• Assignment: The answer is the data below, repeated exactly, with no pictures included.

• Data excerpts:
--- START ---
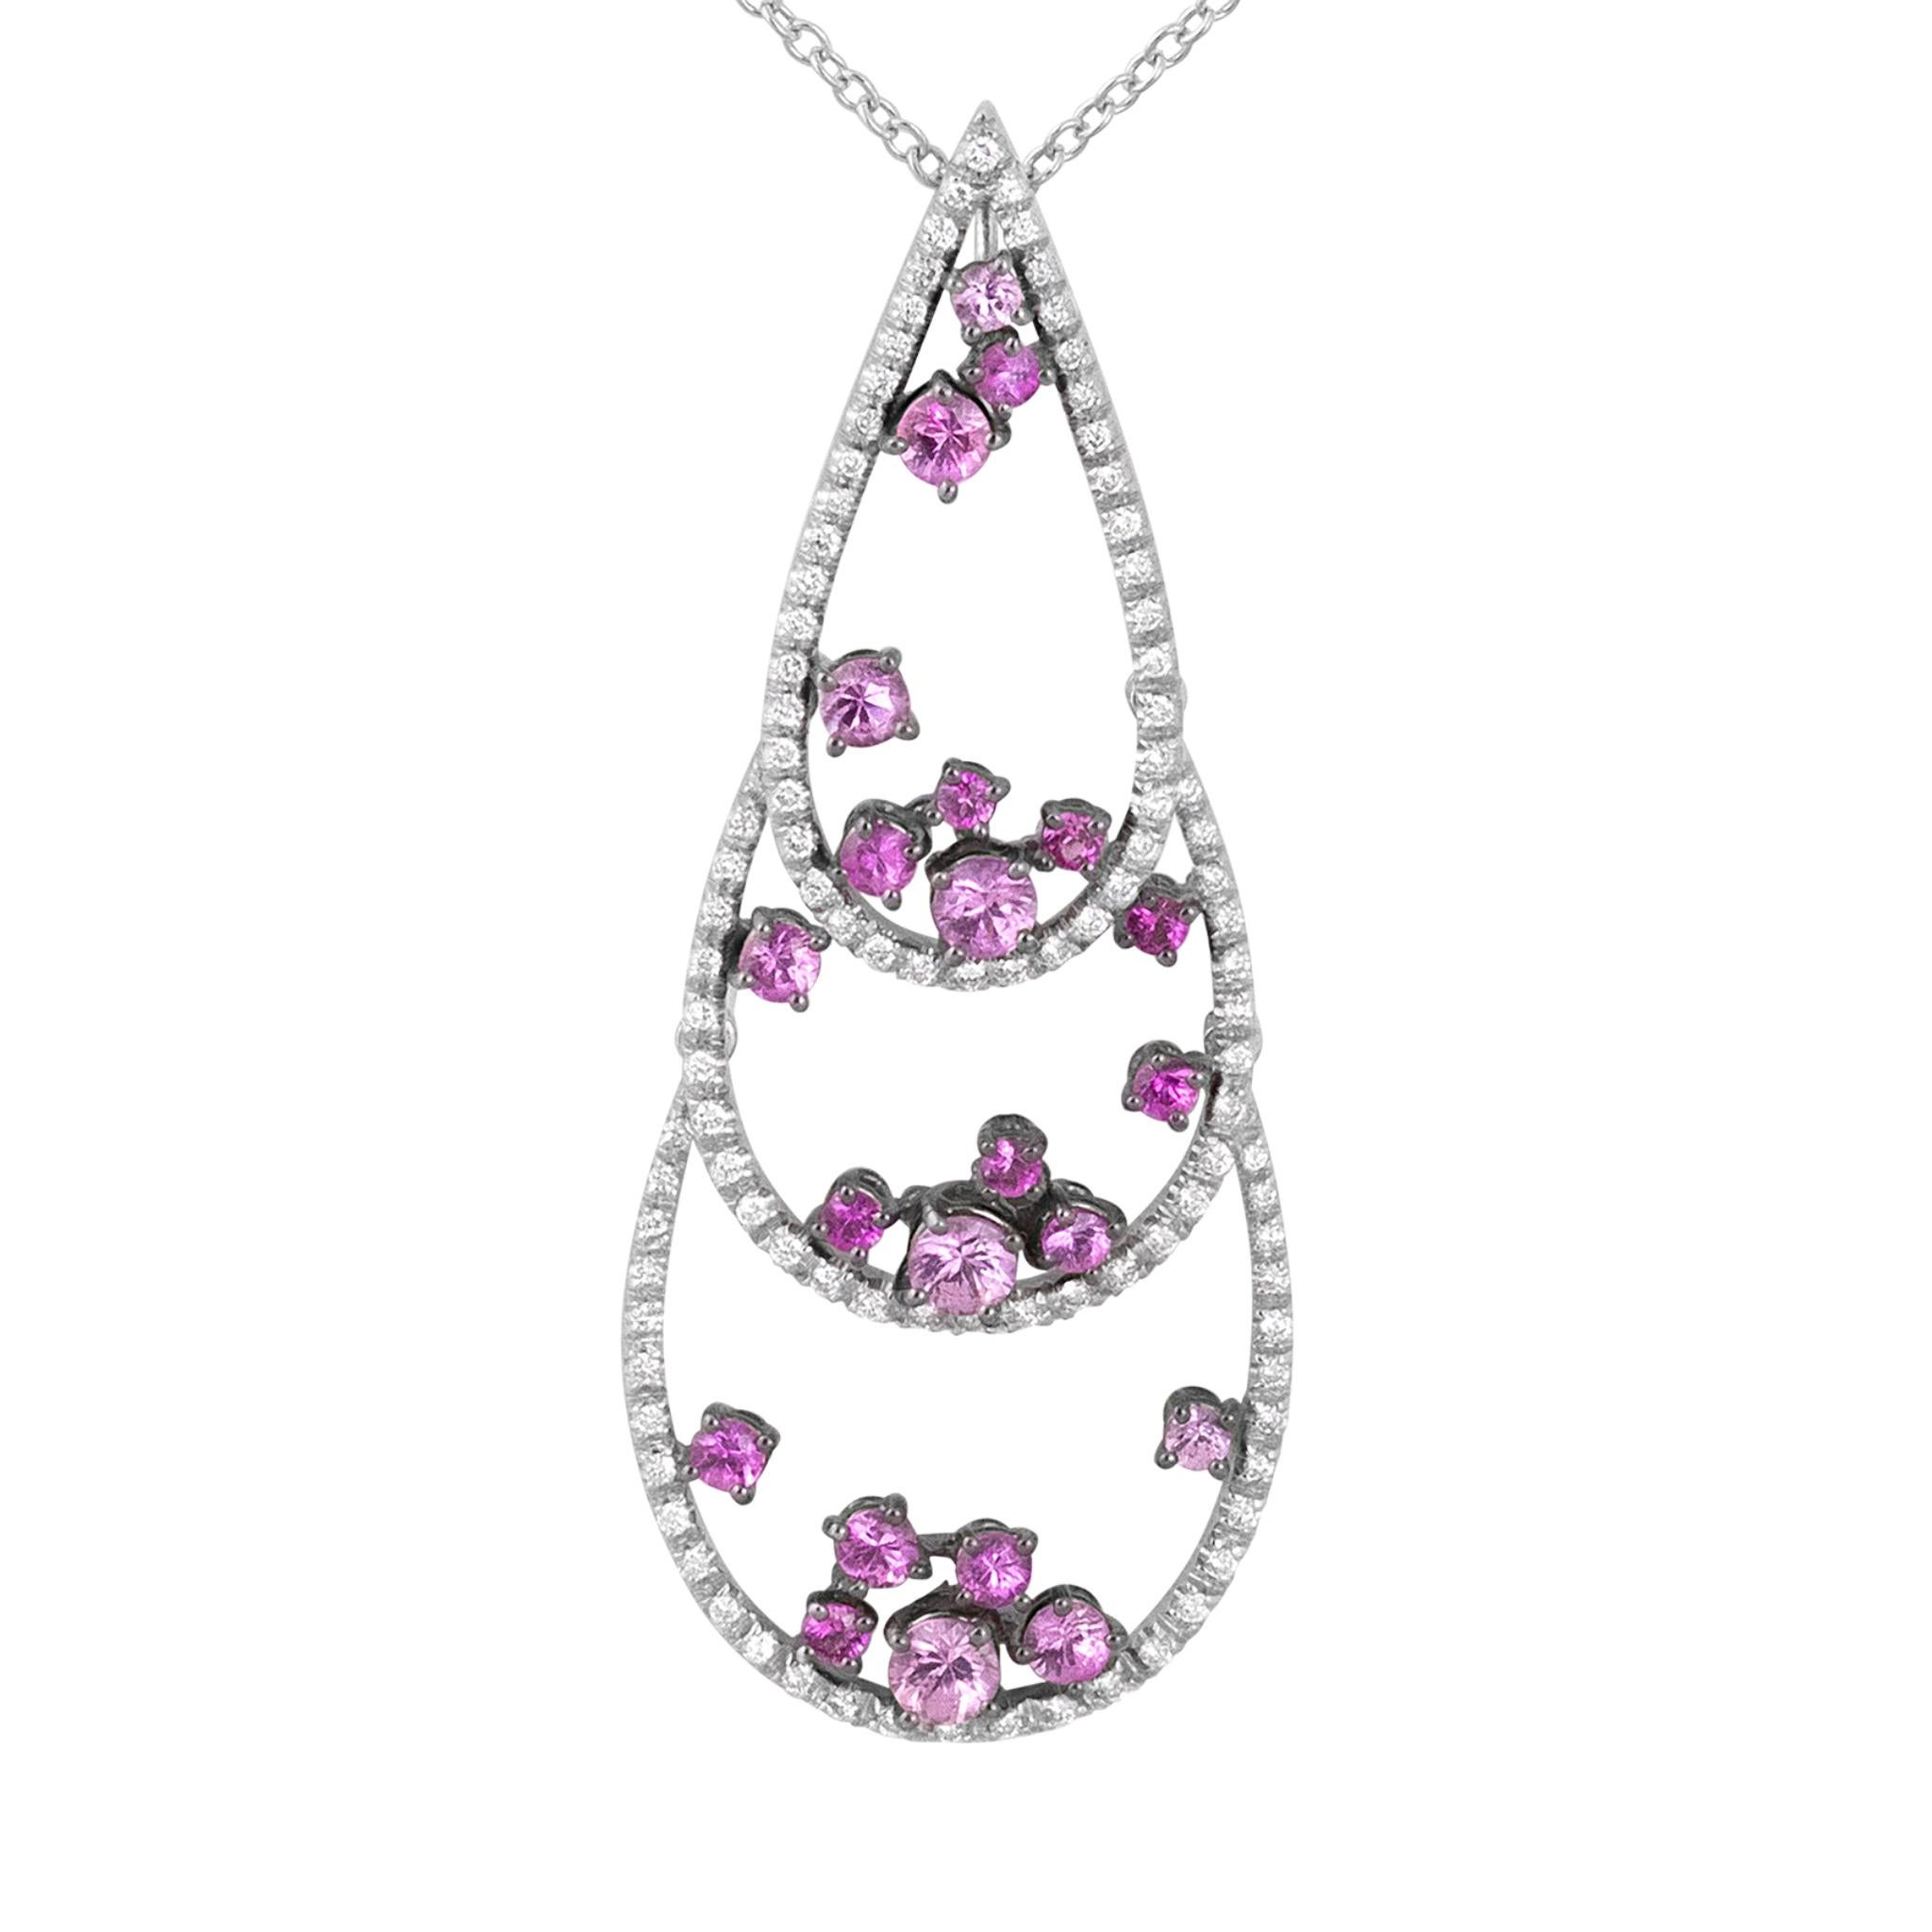 IO SI Necklace
18K White Gold
Diamond: 0.52ctw
Pink Sapphire: 2.10ctw
Retail price: $11,650.00
SKU: BLU01472
--- END ---
• Answer space:
 IO SI Necklace
18K White Gold
Diamond: 0.52ctw
Pink Sapphire: 2.10ctw
Retail price: $11,650.00
SKU: BLU01472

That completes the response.